About this exercise | Copy the listing verbatim, excluding any images found in it.

Information shown |
╭──

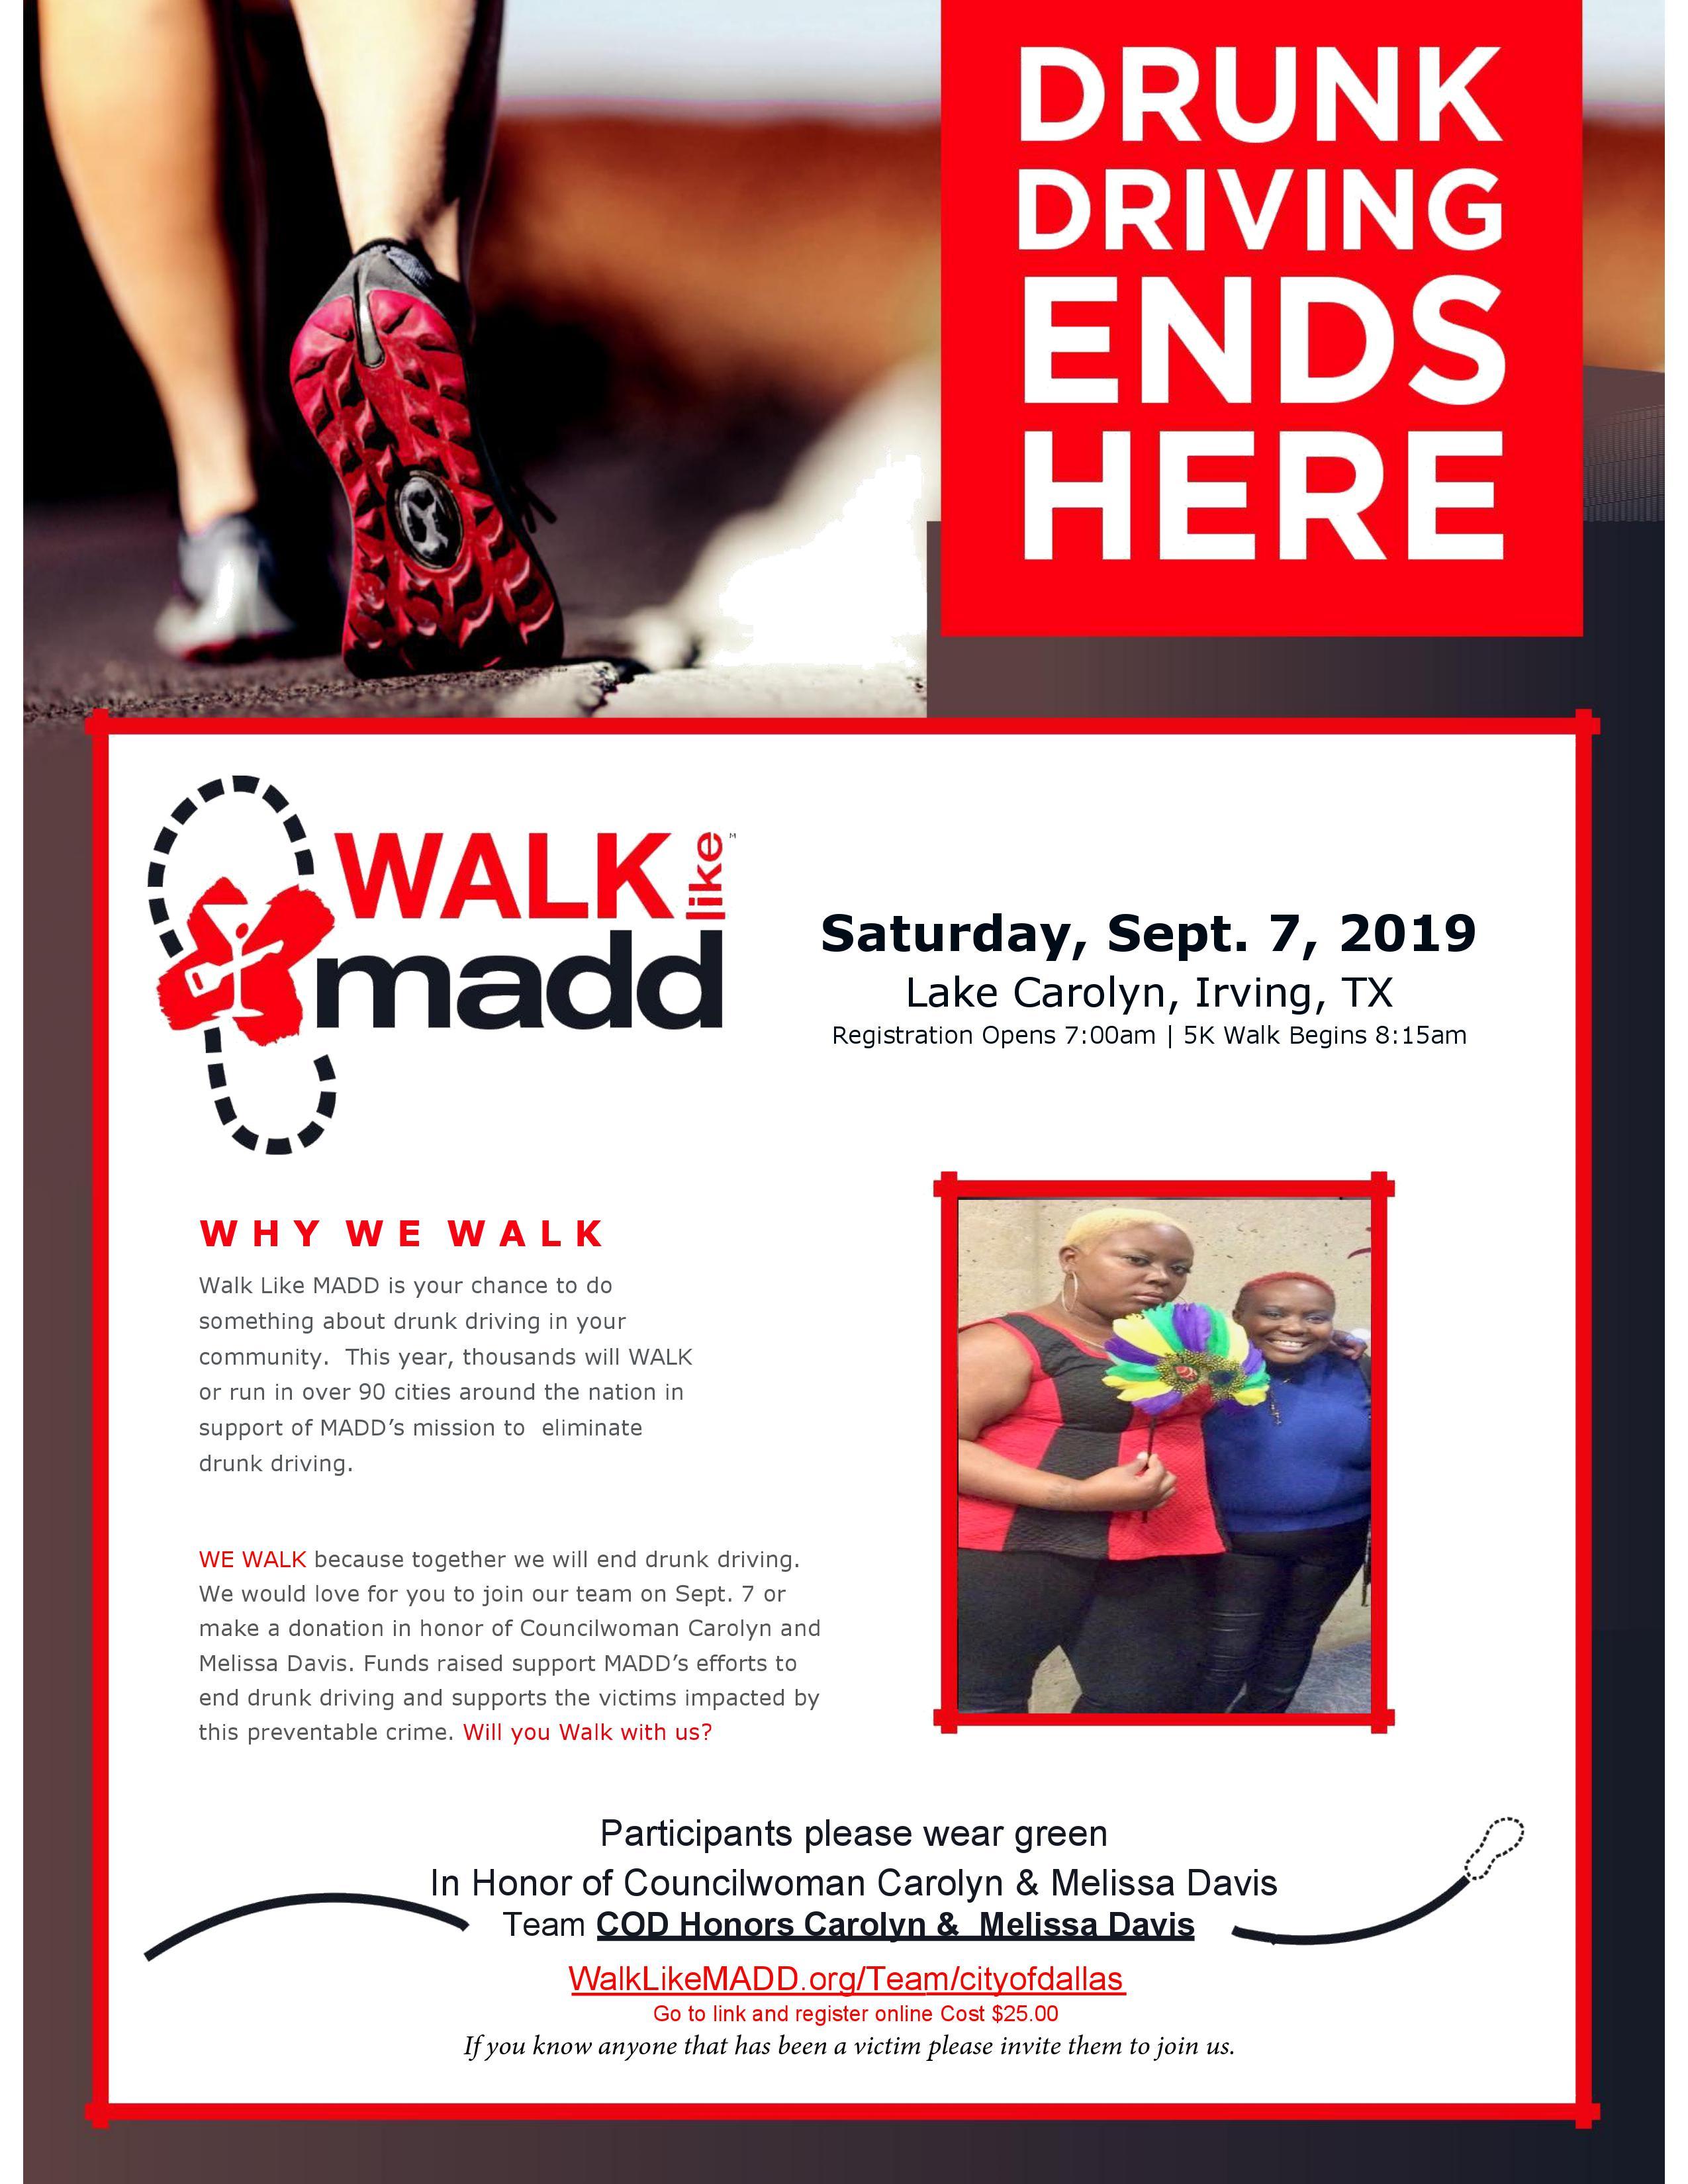 Walk Like MADD @ Lake Carolyn
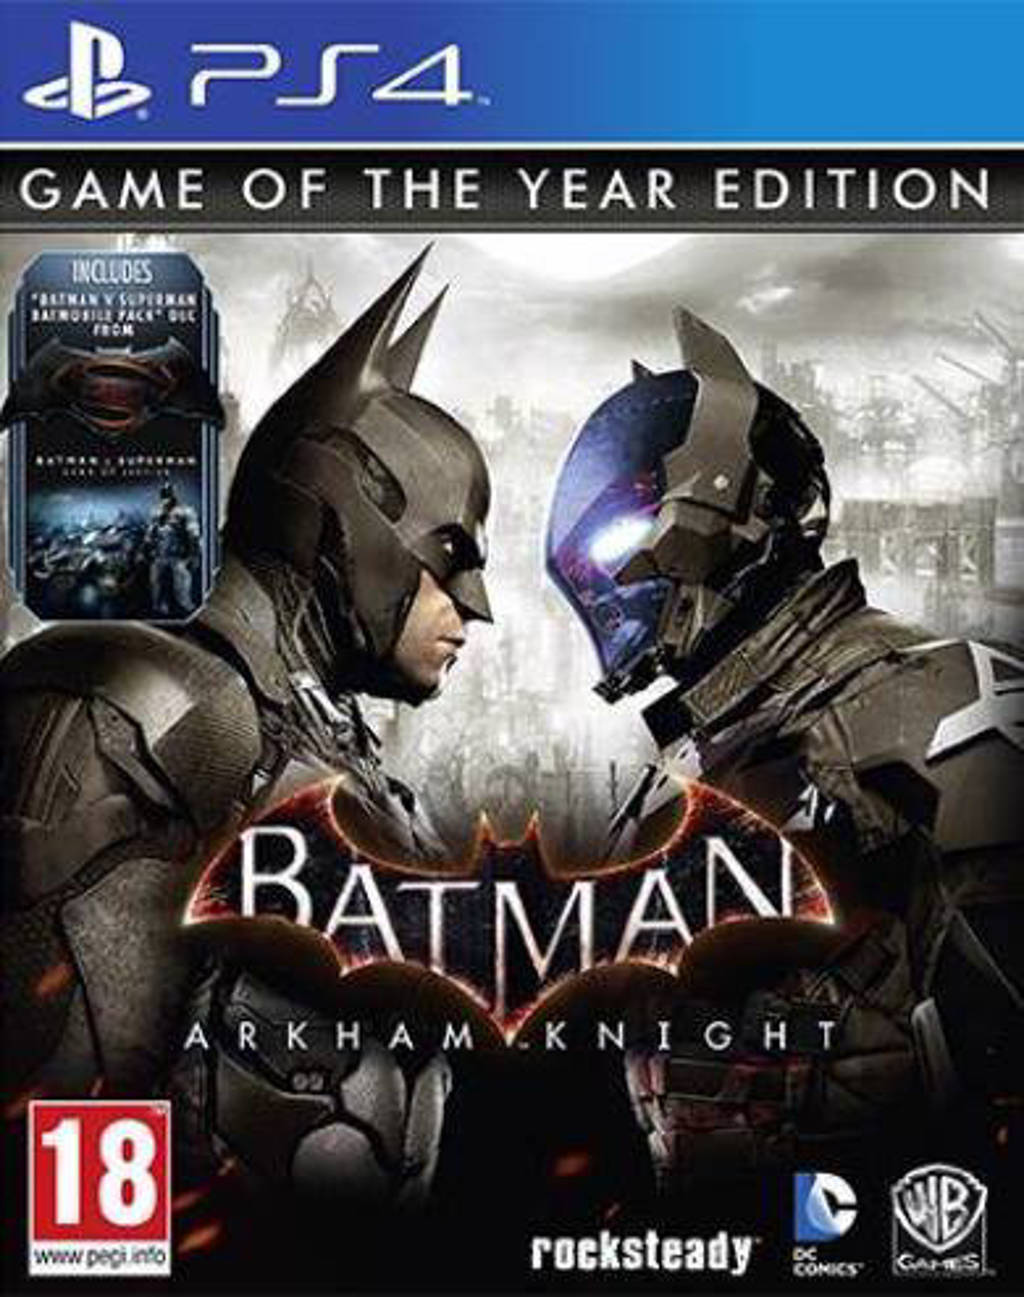 Batman Arkham knight (GOTY) (PlayStation 4)
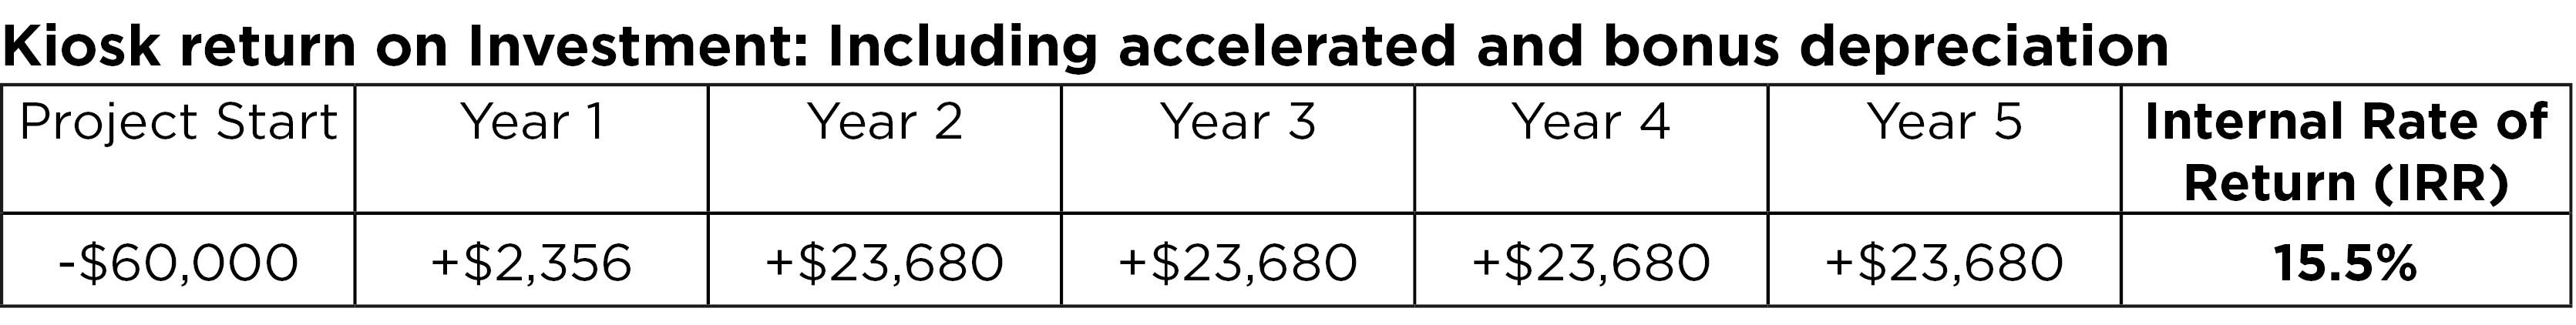 Kiosk return on investment: Including accelerated and bonus depreciation

╰──

Response |
 Walk Like MADD @ Lake Carolyn
 Batman Arkham knight (GOTY) (PlayStation 4)
 Kiosk return on investment: Including accelerated and bonus depreciation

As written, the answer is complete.